Selain persaingan domestik, kondisi keuangan klub juga menjadi sorotan. NEC Nijmegen, yang dikelola oleh pemilik lokal, masih berada di atas ambang krisis finansial, sementara Ajax harus mengelola beban gaji tinggi serta ekspektasi untuk lolos ke Liga Champions. Kedua klub kini menyiapkan strategi akhir musim yang berbeda: NEC Nijmegen berfokus pada mempertahankan keunggulan poin, sedangkan Ajax mengandalkan serangan cepat dan perbaikan lini pertahanan.
Dalam konteks yang lebih luas, pertandingan-pertandingan akhir musim ini menegaskan betapa tipisnya perbedaan antara kebanggaan menggapai Liga Champions dan berjuang menghindari zona relegasi. NEC Nijmegen, dengan pertahanan yang relatif solid, berhasil menahan tekanan Telstar meski harus menelan gol dari Chery. Sementara itu, Ajax harus mengatasi kritik terhadap kiper internasional mereka, Maarten Paes, dan menemukan keseimbangan antara serangan dan pertahanan.
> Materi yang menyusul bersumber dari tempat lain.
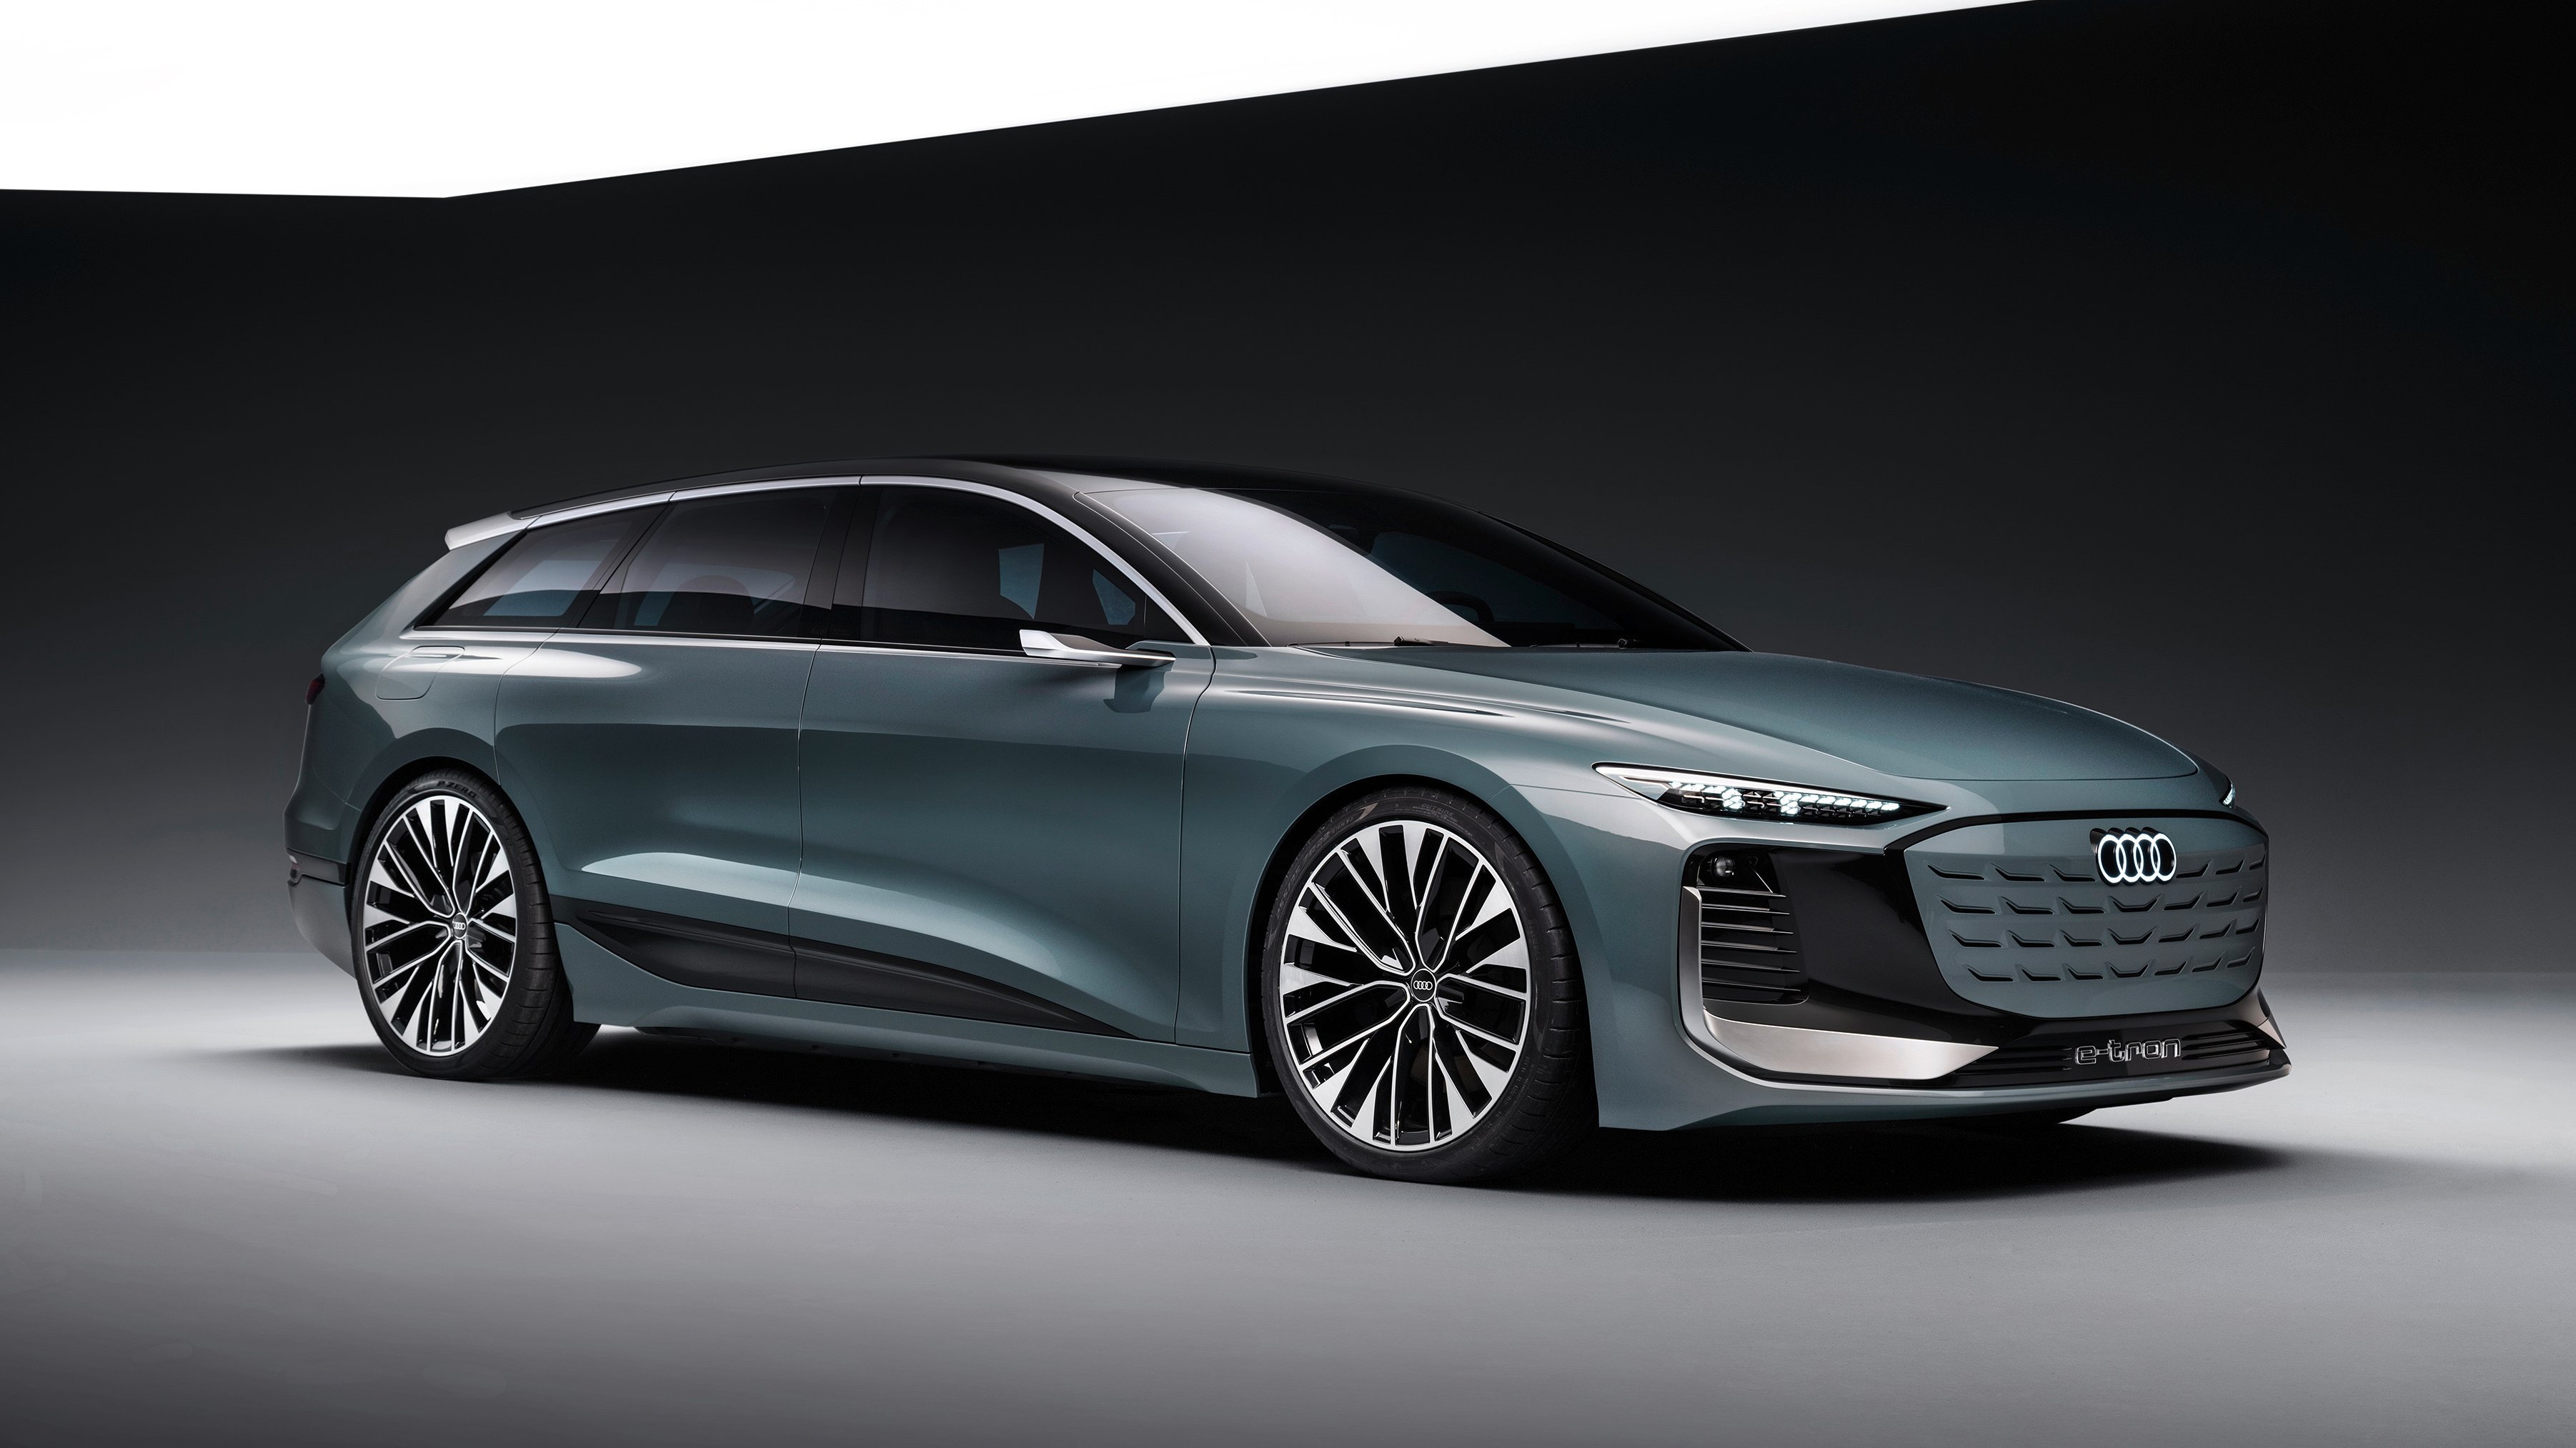 Audi presenta el A6 Avant etron concept

Kesimpulannya, NEC Nijmegen berada dalam posisi strategis untuk mengamankan tiket Liga Champions, namun mereka tidak dapat beristirahat. Pertandingan melawan Groningen dan performa di sisa laga akan menentukan nasib mereka. Di sisi lain, Ajax harus segera memperbaiki kelemahan di lini belakang, terutama pada posisi kiper, untuk tetap bersaing dalam perburuan tempat di atas klasemen. Pertarungan akhir musim ini menjanjikan drama sepak bola yang mendebarkan bagi para pendukung di Belanda.